Он долго молчал, потом невнятно выговорил:
- Я болен ... я, может быть, вспомню ...
- А ID у вас есть? - спросила женщина. - Или cell-phone? Вы в карманах посмотрите.
- ID? Cell phone? - переспросил он, пошарил в карманах мятого светлого пиджака с бурой полосой на левом рукаве и отрицательно покачал головой. - Нет, ничего нет.
- Вы так одеты, как будто с какого-нибудь party сюда попали, - заметила женщина.
- Party? Да, party, - оживился он.
- Может, вас по голове ударили? У вас как будто ссадина на лбу.
- Да! Правый прямой в голову.
----------
Они скинулись по пятерке и собрались вместе посмотреть по платному каналу финальный бой тяжеловесов из Лас-Вегаса. Пока главный матч еще не начался, и дрались легковесы, толстощекий Вадим жарил мясо на балконе и рассказывал о Нью-Йорке бородатому Леше. Вадим повторял то, что обычно рассказывают об этом городе люди, впервые в нем побывавшие.
- Сталинград! - говорил Вадим, имея в виду Bronx. - От многих домов одни стены остались. Но днем белые ходят по улицам.

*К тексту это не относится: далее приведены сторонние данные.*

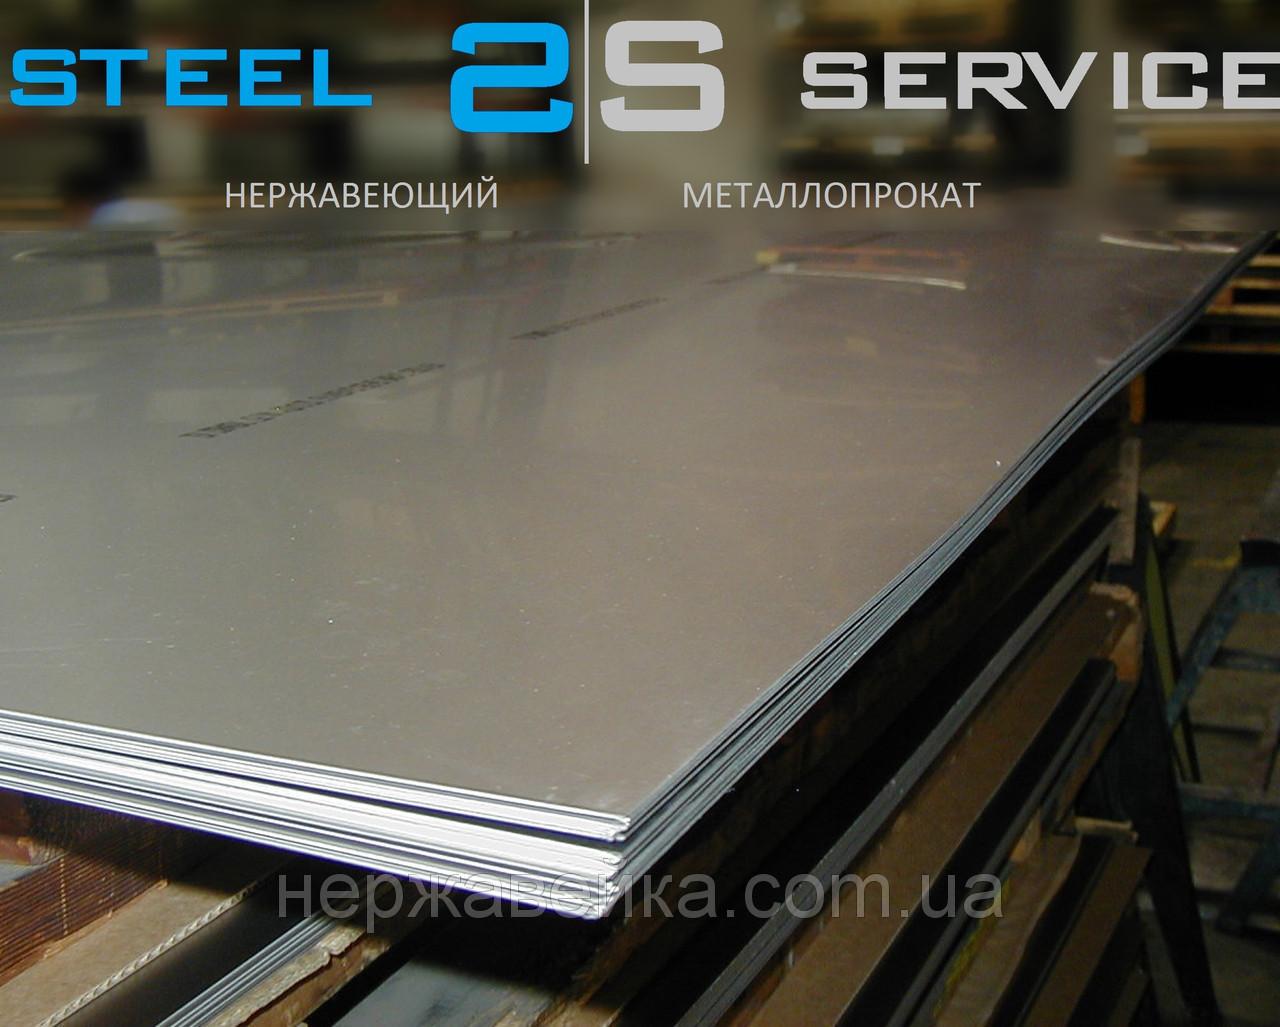 Листовая нержавейка 1,5х1000х2000мм AiSi 201  (12Х15Г9НД) 4N - шлифованный

- Не ври! - встрял м-р Никто, выходя на балкон. - В Сталинграде по улицам немцы ходили, а не белые. Не путай Отечественную войну с Гражданской!
Бородатый Леша засмеялся, и перейдя на английский, потому что на балкон вышел Билл, стал рассказывать, как недавно сдавал экзамен в духовной академии. Тексты он знал, но правильно спеть тропарь не мог. Ему в детстве медведь на ухо наступил. Билл послушал и спросил, в какую церковь они ходят.
- Я вообще в церковь не хожу, - быстро ответил Вадим. - Я атеист.
- Атеист? - переспросил Билл с испугом и стал похож на Воланда, разговаривающего с поэтом Бездомным на Патриарших.
- Yes, atheist, - подтвердил Вадим. - I am not a believer.
Билл сокрушенно покачал головой, достал из кулера бутылку "Budweiser"а" и ушел с балкона. А Леша рассказал, как у него на родине этим летом одного священника пригласили освятить только что открытый детский сад. Поп пришел с дьяконом, рассчитывая получить долларов сто за службу. "Уж он кадил-кадил, кропил-кропил, - говорил Леша. - А дьякон подпевал "Господи, помилуй!" Кончили. Дают им большой конверт. Они вышли на улицу, открыли. А там книга с благодарственной надписью, "Сказка о попе и работнике его Балде". Толстый Вадим жизнерадостно заржал, а м-р Никто сказал, посмотрев на Лешу: "Не гонялся бы ты, поп, за дешевизной".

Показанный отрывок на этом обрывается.